Oh joy I have a chance to talk about this! Sebaceous cysts run in my family, and I have one in an area close to the scrotum. I’m kinda attached to it though. It waxes and wanes depending on its mood, and it never hurts. It doesn’t get in the way of any romantic adventures. Hell, it shouldn’t even be visible unless I take a walk on the wild side. Yes, Lumpy is quite a pal.
You, sir, have earned a regular guest shot on Ow! My Balls!
You ***must ** * check out this link about a guy who describes his experiences of self circumcision with cuticle scissors. :o
I now envoke the ghost of he who should not be named cough cough Jack D Tyler cough cough.
Actually it’s a really funny read.
I feel an overpowering urge to link to the Favorite Pimple Stories thread, a classic TMI from 2002.
If you liked the OP, you’ll like that thread, too. If you were feeling queasy after the OP, please do not click on that link.

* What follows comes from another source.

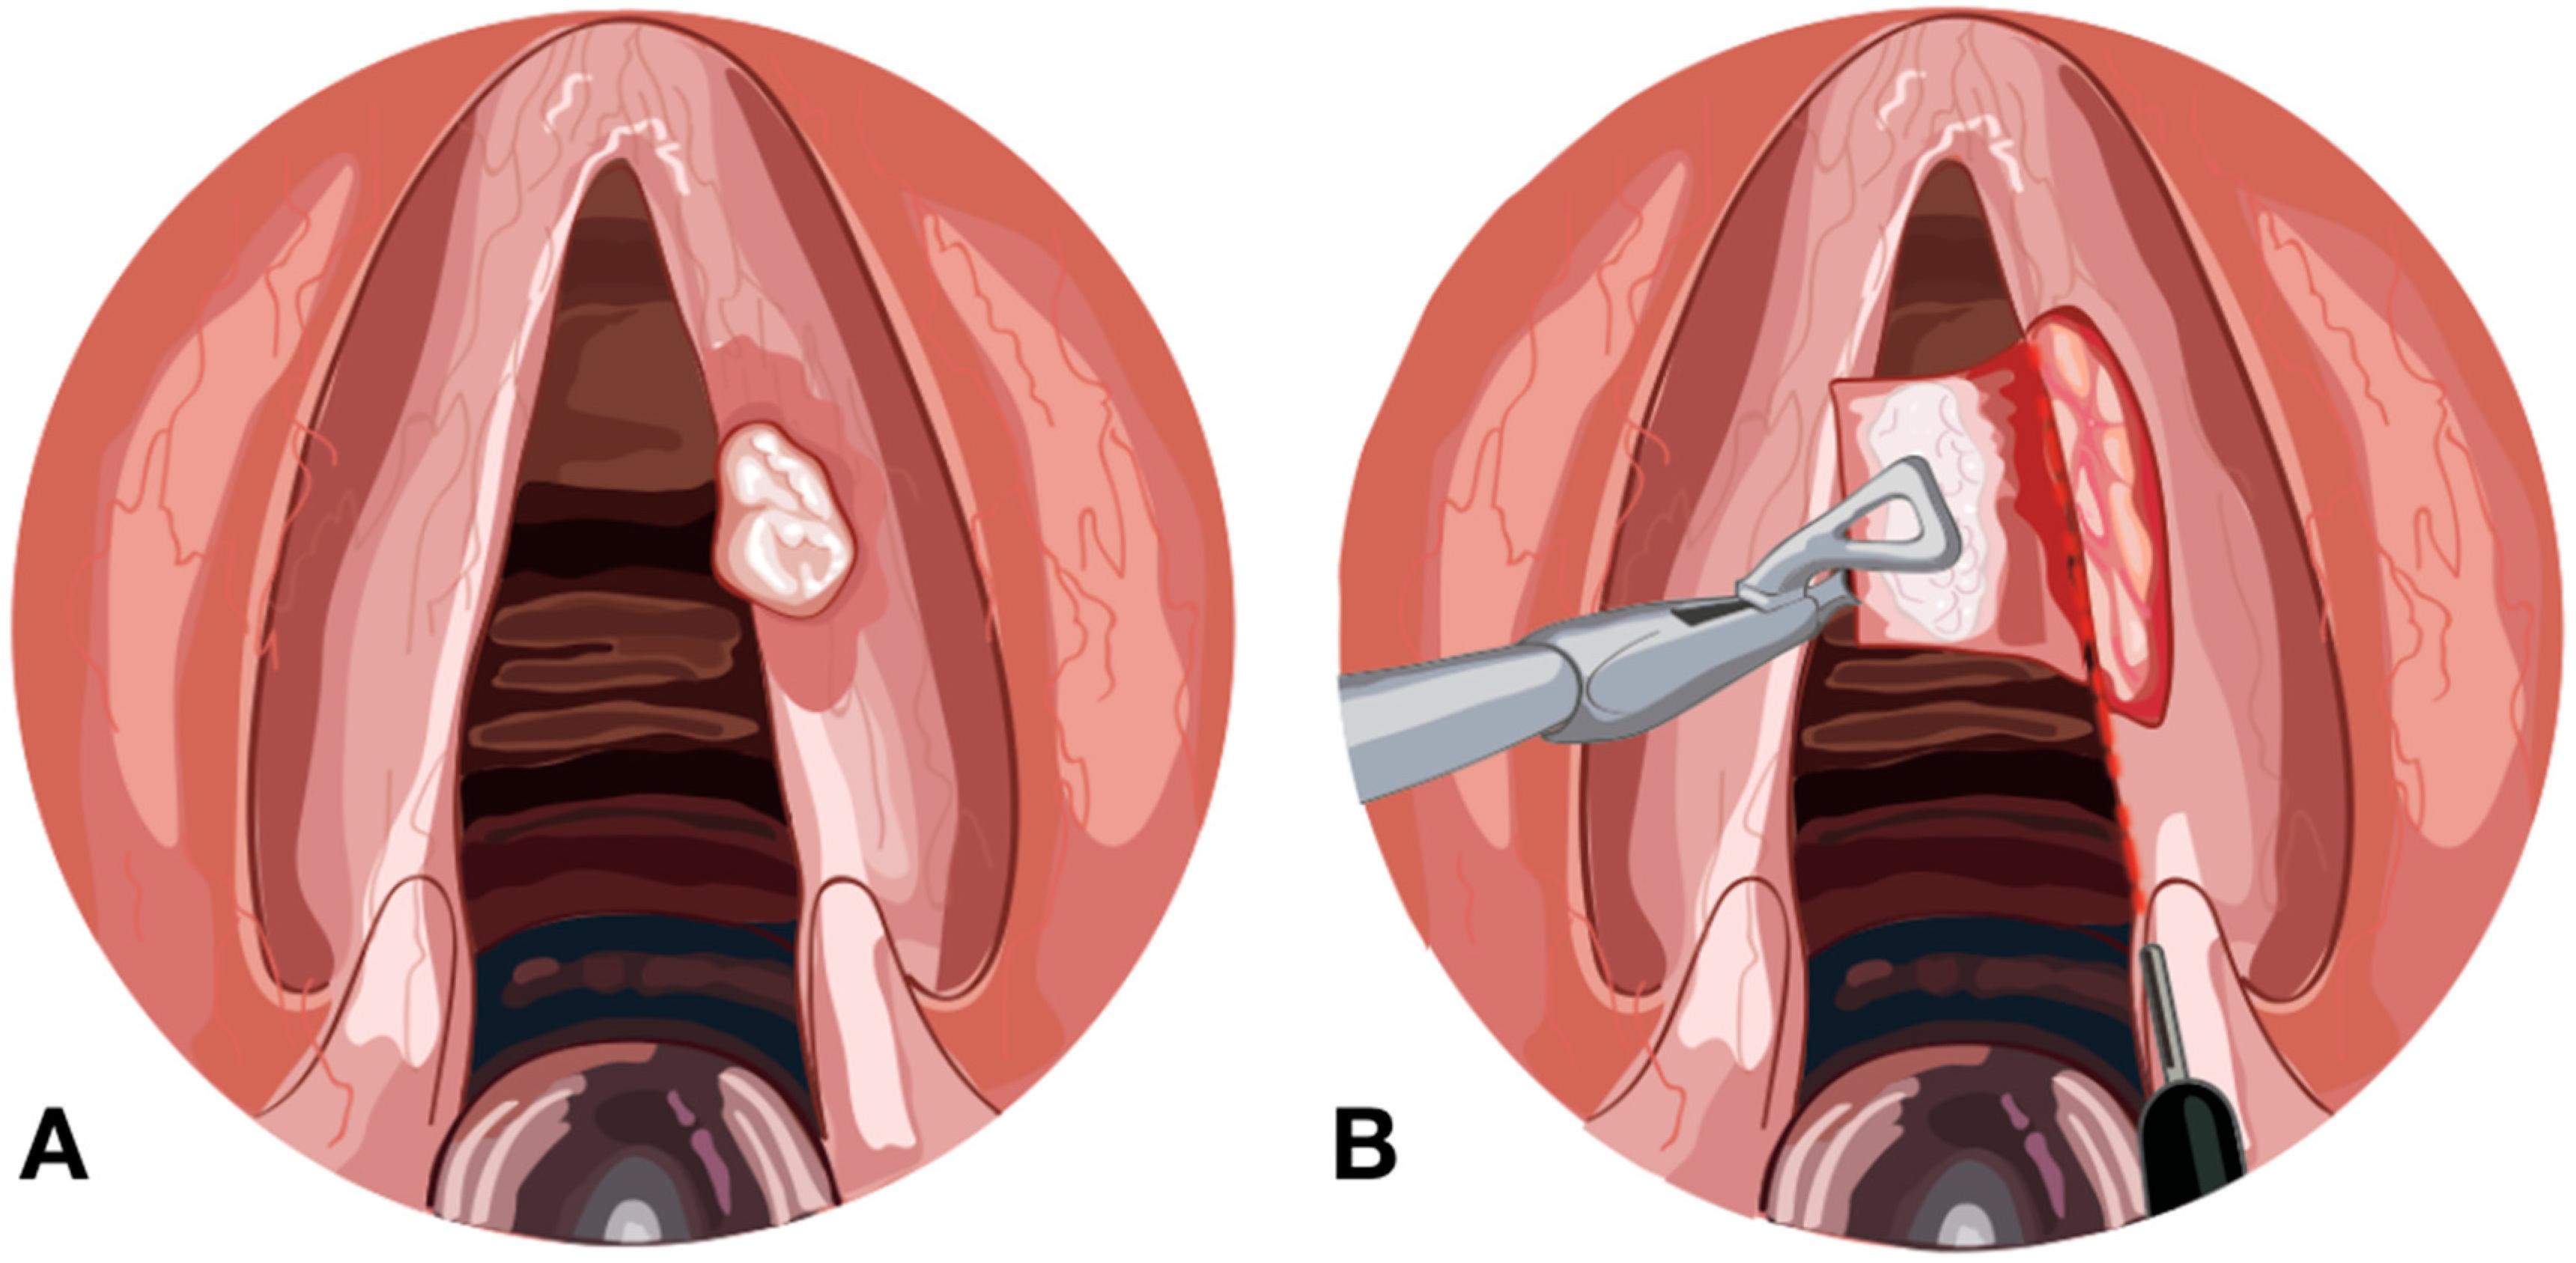 Папиллома на миндалине: причины возникновения, симптомы, лечение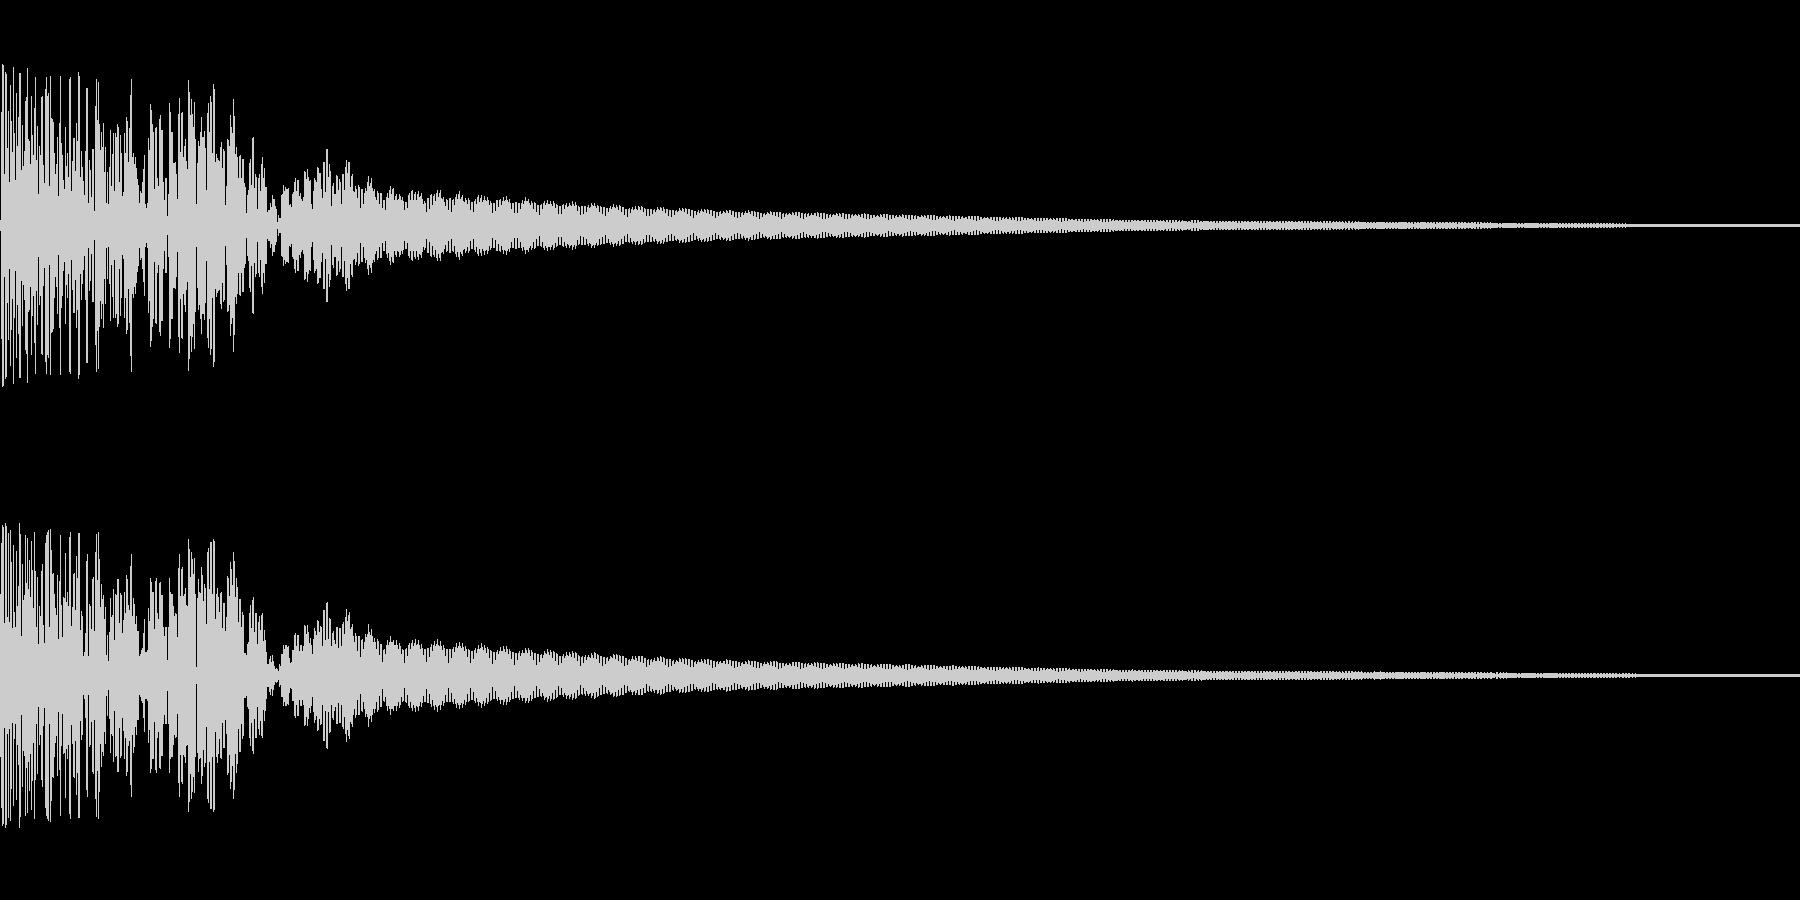 和太鼓でドン(生演奏)の未再生の波形

Oh why the hell is my add at the bottom of the page Congressional Election - 08 … for Musgrove for Senator?
Not even a single reverse circumcision tug ahoy ad? sob
Well, I’m a gay man with a male doctor, and I’ve never come close to having that problem. Not even with a prostate exam. And he’s cute, too.
My ads are “New Neck Surgery”, “Nodule Cyst”, and “Excess Skin Removal”
I’ve got “The UK’s leading directory for all things green”. I hope that’s not prophetic as far as the OP’s healing wound is concerned.
I’ve got “spine surgery alternative”.
I don’t think cainxinth or I will be giving THAT one a shot, though… if only because we can’t reach.
I like the way you think.
So did I. I must have had the OP confused with another poster.
I’ve got to ask, what the hell is it with other guys and their genitals? If I had a nasty growth or injury or other Unusual Circumstance Down There I’d get myself to the doctor right quick and if something needs to be done I’ll have it done by someone qualified.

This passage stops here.